After years of practicing realistic portraiture, Korean-born artist Shin Young An decided it was time for a change. Her work was once focused on depicting her subject as faithfully and realistically as possible. She now moves beyond the surface and aims to engage politically with the viewer and motivate introspection, even action.
Despite the meticulous control and calculated perspectives, Canadian artist Adam Lupton’s oil paintings are constantly fidgeting. They mostly feature youth in various incarnations in a blur of motion represented as simultaneous frames, or with different layers of paint exposed. This jitteriness is revealed both through substance, by showing the layers of material creation, or through time, as the viewer pans multiple freeze-frames overlaid on top of each other. What stands still throughout all his work is an obsession with time and chaos, and the individual’s navigation of the two in the constant present.
Mexican artist José Luis López Galván works with oil paint to create dark and unsettling scenes that can be simultaneously erotic and grotesque. His paintings further estrange the viewer by calling to mind wildly different artistic styles, from the quietly dramatic chiaroscuro of Rembrandt to the surrealism of Dali. López Galván maximizes the dramatic potential of oils, creating lush and eerie tableaux that are populated by enigmatic characters, such as anthropomorphic and lavishly attired rabbits, disembodied limbs and half-human robots. As in paintings by the Old Masters, López Galván’s storybook-like scenes often feel like allegories for a larger narrative.
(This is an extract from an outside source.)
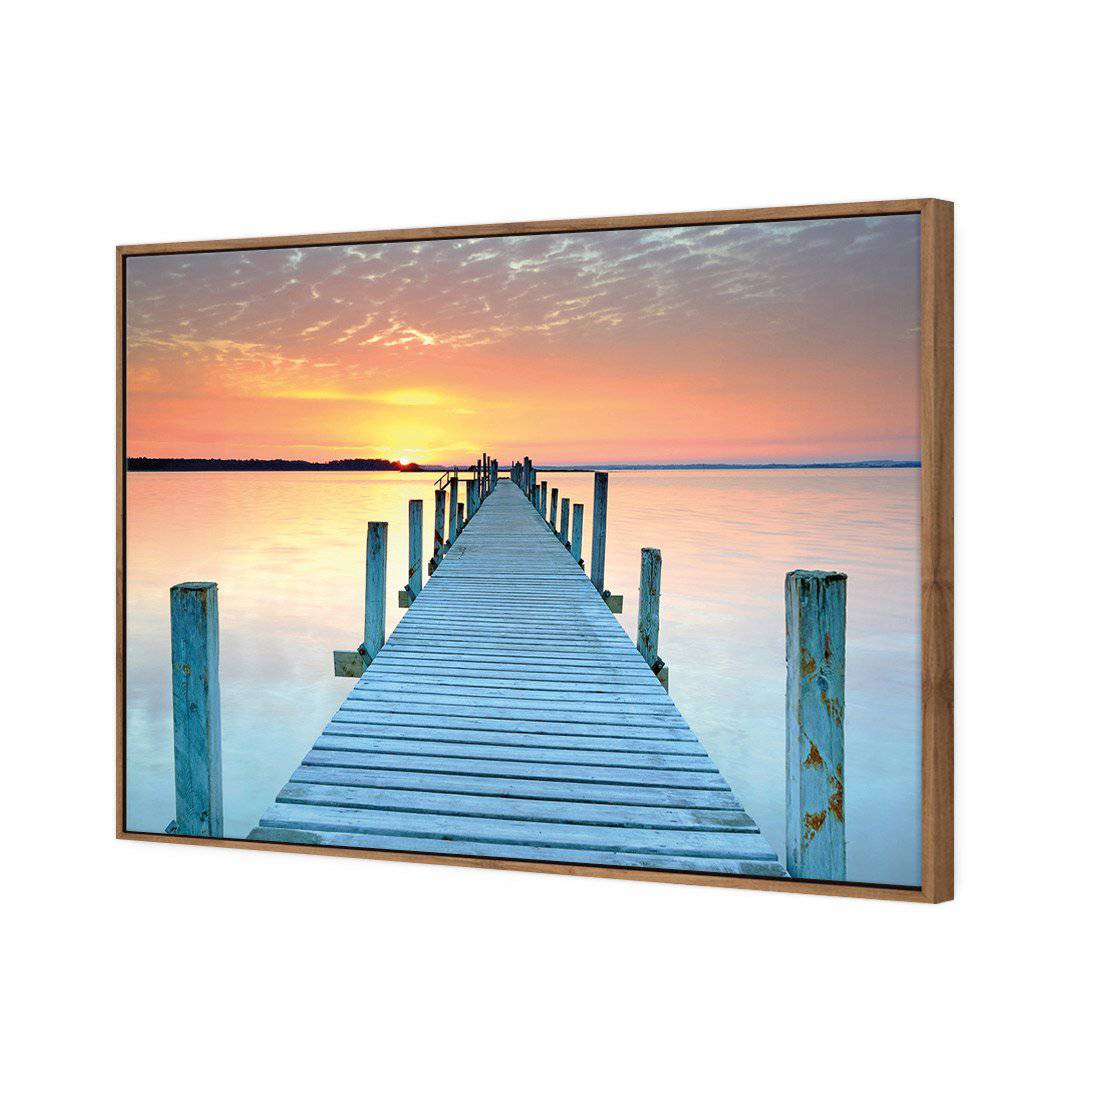 Sunset Pier Canvas Art-Canvas-Wall Art Designs-45x30cm-Canvas - Natural Frame-Wall Art Designs
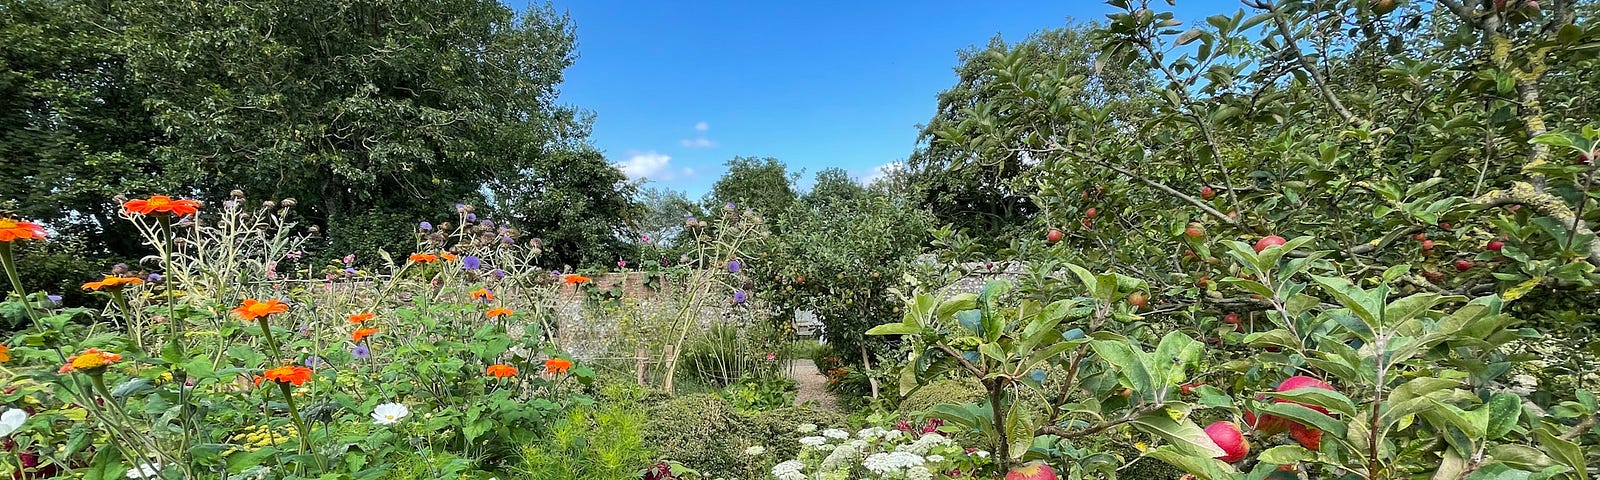 Lush Overgrown English Garden bursting colour — walled garden

In this case though, the background story resembles the logic of a nightmare or a hallucination more than the workings of the divine.
Taiwan-born artist Chen Dao Lee’s creates ambiguous narratives of unresolved tensions. His style is nearly photorealistically perfect. His compositions are taut and vigorous. If the light in his work made a noise, it would be loud and blaring. It’s his choice of subject that makes the work provocative. Each piece features young, beautiful, semi-clad women with garish red hair. Some hold automatic weapons. Some wrestle with each other. Some engage in sexual escapades with other women. Some do so with other men. These women are young, beautiful, and… bored.
Miriam Escofet creates rich oil paintings of idyllic scenes that nostalgically allude to classical antiquity. Perhaps the only notes of pessimism in these sumptuous depictions of ornate architecture, statues and jewels is that Escofet’s heavenly world seem to be nearly devoid of human inhabitants. This is a place that seems to belong to the gods — too perfect for mortals. Escofet originally studied 3D design and set out to be a ceramicist, which explains her attention to texture and volume. Each crease of fabric and crevice within a tree’s bark is rendered with precision. Light and shadow are greatly contrasted to a level beyond what we normally experience with the human eye, making Escofet’s fictional lands seem vivid yet illusory.
The hyper-realistic oil paintings of Joshua Suda will make you question whether you’re looking at a painting or a photograph as he recreates the features of the human face with stunning accuracy. Going beyond replicating life, many of Suda’s pieces also have elements of surrealism. Bizarre compositions, mixed with Suda’s impressive attention to detail, result in uncanny contortions of the human face. He often breaks the fourth wall, playing with the foreground and background to make it appear that the subject is bursting through the surface of the piece. In other works, he paints to mimic other media, replicating the detail of everything from pencil drawings to old photographs and contrasting them with how the subjects might appear to the human eye.